Stanford Center for Biomedical Informatics Research, Stanford University, Stanford CA, USA.
Sci Data. 2019 Feb 19;6:190021. doi: 10.1038/sdata.2019.21.
We present an analytical study of the quality of metadata about samples used in biomedical experiments. The metadata under analysis are stored in two well-known databases: BioSample-a repository managed by the National Center for Biotechnology Information (NCBI), and BioSamples-a repository managed by the European Bioinformatics Institute (EBI). We tested whether 11.4 M sample metadata records in the two repositories are populated with values that fulfill the stated requirements for such values. Our study revealed multiple anomalies in the metadata. Most metadata field names and their values are not standardized or controlled. Even simple binary or numeric fields are often populated with inadequate values of different data types. By clustering metadata field names, we discovered there are often many distinct ways to represent the same aspect of a sample. Overall, the metadata we analyzed reveal that there is a lack of principled mechanisms to enforce and validate metadata requirements. The significant aberrancies that we found in the metadata are likely to impede search and secondary use of the associated datasets.

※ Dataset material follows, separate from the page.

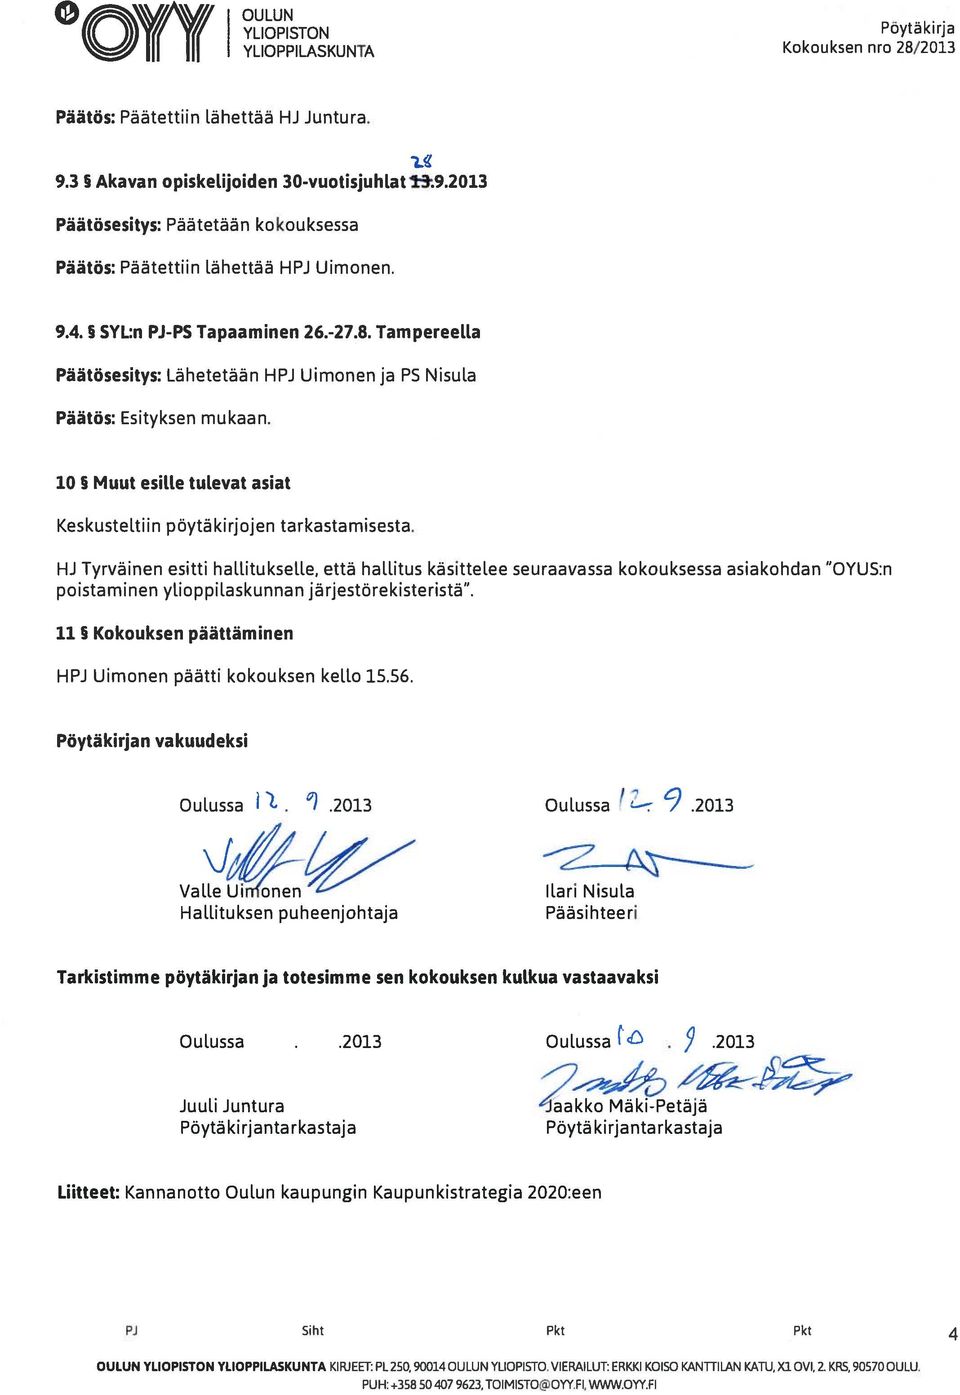 Tampereelta Päätösesitys: Lähetetään HPJ Uimonen ja PS Nisula 10 Muut esille tulevat asiat Keskusteltiin pöytäkirjojen tarkastamisesta.

我们对生物医学实验中使用的样本相关元数据的质量进行了分析研究。分析中的元数据存储在两个著名的数据库中:由美国国家生物技术信息中心(NCBI)管理的 BioSample 存储库,以及由欧洲生物信息学研究所(EBI)管理的 BioSamples 存储库。我们测试了这两个存储库中 1140 万条样本元数据记录是否使用满足这些值的规定要求的值进行了填充。我们的研究揭示了元数据中的多个异常。大多数元数据字段名称及其值没有标准化或受到控制。即使是简单的二进制或数字字段,也经常使用不同数据类型的不适当值进行填充。通过对元数据字段名称进行聚类,我们发现通常有许多不同的方法可以表示样本的同一方面。总的来说,我们分析的元数据表明,缺乏执行和验证元数据要求的原则性机制。我们在元数据中发现的显著异常情况可能会阻碍相关数据集的搜索和二次使用。